The MJF workflow comprises five main stages: (1) slicing, (2) printing, (3) cooling, (4) unpacking, and (5) sandblasting. Slicing is the process of converting the 3D drawing into instructions that the printer understands. Printing is the actual process of depositing powder and forming the parts. Cooling refers to letting the printed parts cool down to maintain dimensional accuracy and surface finish, it occurs on the building unit which is the platform where the printed parts are constructed, which can be removed from the printer for further post-processing such as cooling and unpacking. Unpacking is the stage of extracting the printed parts from the powder in building units using a vacuum. Sandblasting refers to the Process of completely removing powder from printed parts.to achieve smooth and clean parts. This process is carried out by workers using a combination of airflow and sand. Other post-processing steps such as polishing and dying are possible but not included in this study. A digital model for production facilities was built to test the total production time of varying (a) parts, (b) workers, and (c) machines using Siemens Tecnomatix Plant Simulation [41] (Fig. 2). Among other simulation tools, this software was selected due to its advanced analysis and visualization capabilities, including bottleneck analysis, animation, and statistical analysis tools.

Fig. 2
figure 2

The 3D digital model of the production line built in Tecnomatix Plant Simulation

A test set of jobs was generated using historical data from a university additive manufacturing facility’s HP Multi-Jet Fusion 4200 machine and randomly ordered. A range of factors influences the duration of each job stage. For instance, during unpacking and sandblasting, factors such as part geometry, packing density (number of parts), build height, material type, desired surface finish, and operator efficiency play a pivotal role in determining processing time. In this study, the number of parts was used as the primary determinant of processing time assuming all the parts have the same geometry and complexity within the jobs and vary between jobs. To capture the variability in processing time for different parts’ geometry, we have measured the processing time and created random values for (unpacking between 2 and 6 min and for sandblasting 2–4 min per part). These values are obtained from the university’s facility( refer to the appendix to see the parts that have been used to compute the average time).

Table 2 Default order of the generated list of 20 jobs for processing with processing times in each stage

In addition to minimizing the makespan for each facility layout and available resources, the trade-off of changing the number of machines and workers is explored to find an optimal facility design for a range of production scales.

This study uses the following assumptions:

  • The processing time for each job is known a priori.

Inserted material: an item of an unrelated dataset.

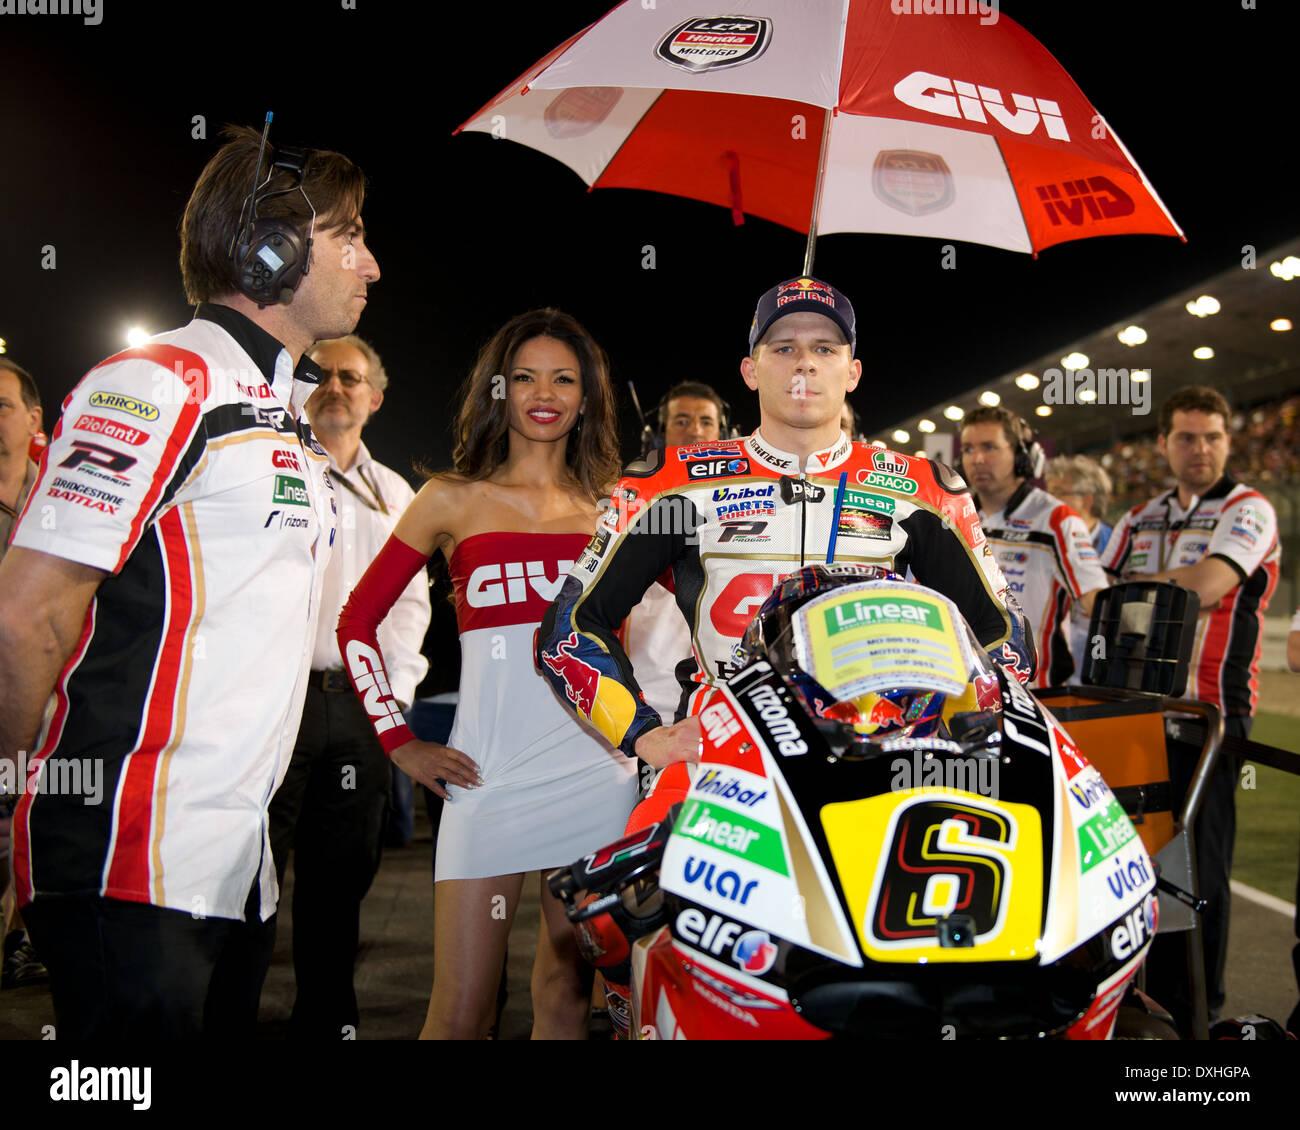 Losail International Circuit, Katar.  MotoGP-Fahrer warten auf Start Raster Stockfoto
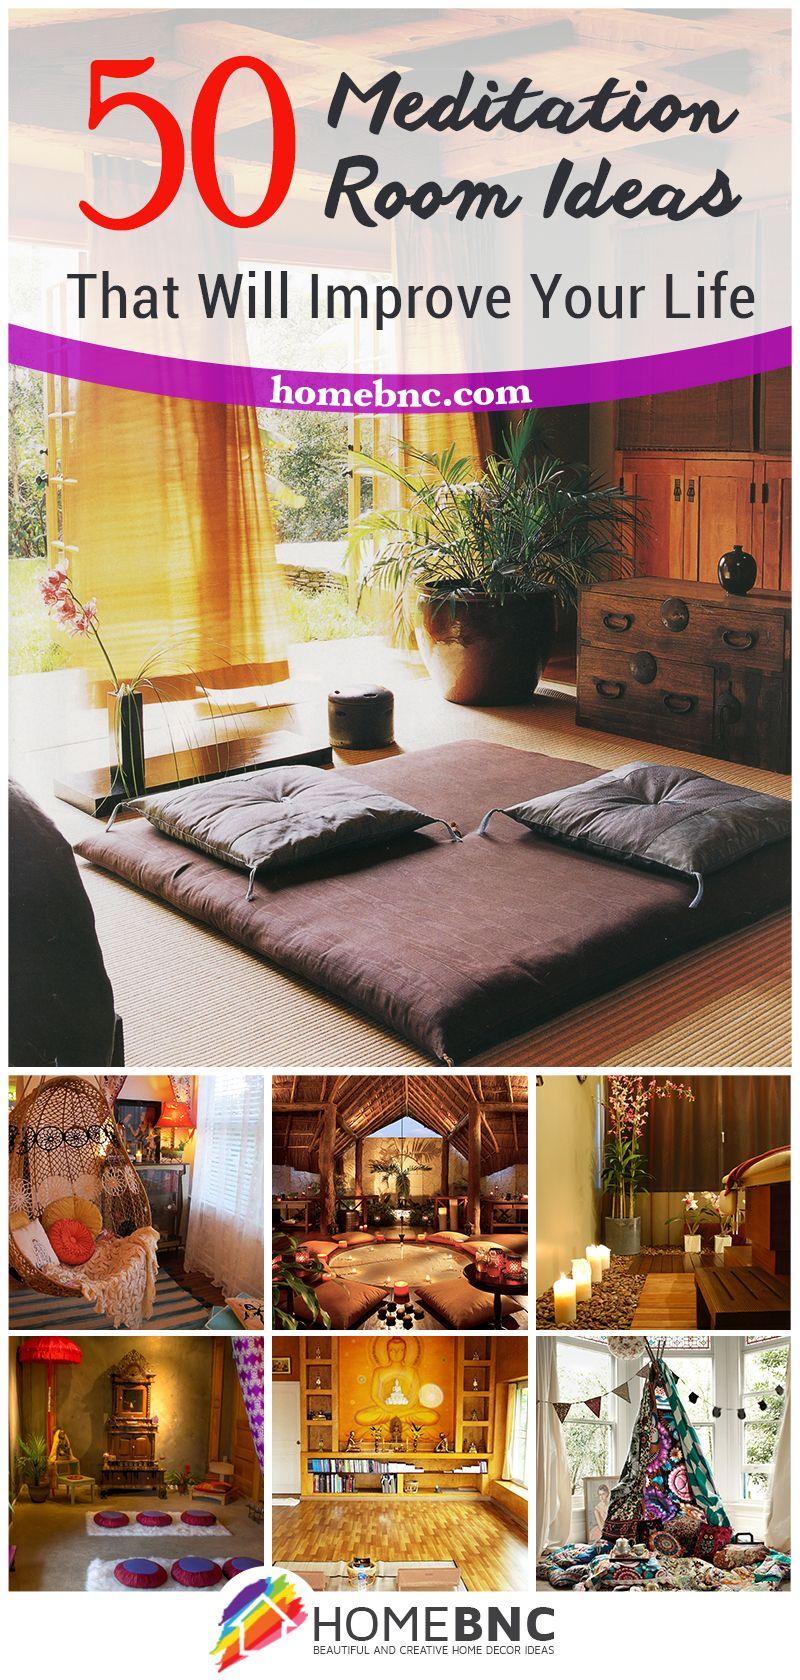 50 Meditation Room Ideas that Will Improve Your Life | 50er, Leben ...

  • Setup time is independent of the job sequence and is considered part of the processing time.

  • It is not possible for a machine to process more than one job at a time.

  • Each job contains a different number of parts, and the complexity (difficulty in extraction and cleaning) of parts is identical within and between the jobs.

  • During the scheduling period, all machines are available at the beginning.

  • To account for the possibility of failures, a 1% failure rate is incorporated into each printing machine.

  • Printers processing time depends mainly on the maximum Z height in each job [11]. Derived from HP’s specifications, the computation of printing time entails multiplying the job’s maximum height by a rate of 1 inch per hour [42]. This computation is established on a layer thickness of 0.003 inches and a duration of 8.3 s for each layer. The parts’ heights in each job are generated randomly from 2 to 15 inches (the maximum height can be made on this printer).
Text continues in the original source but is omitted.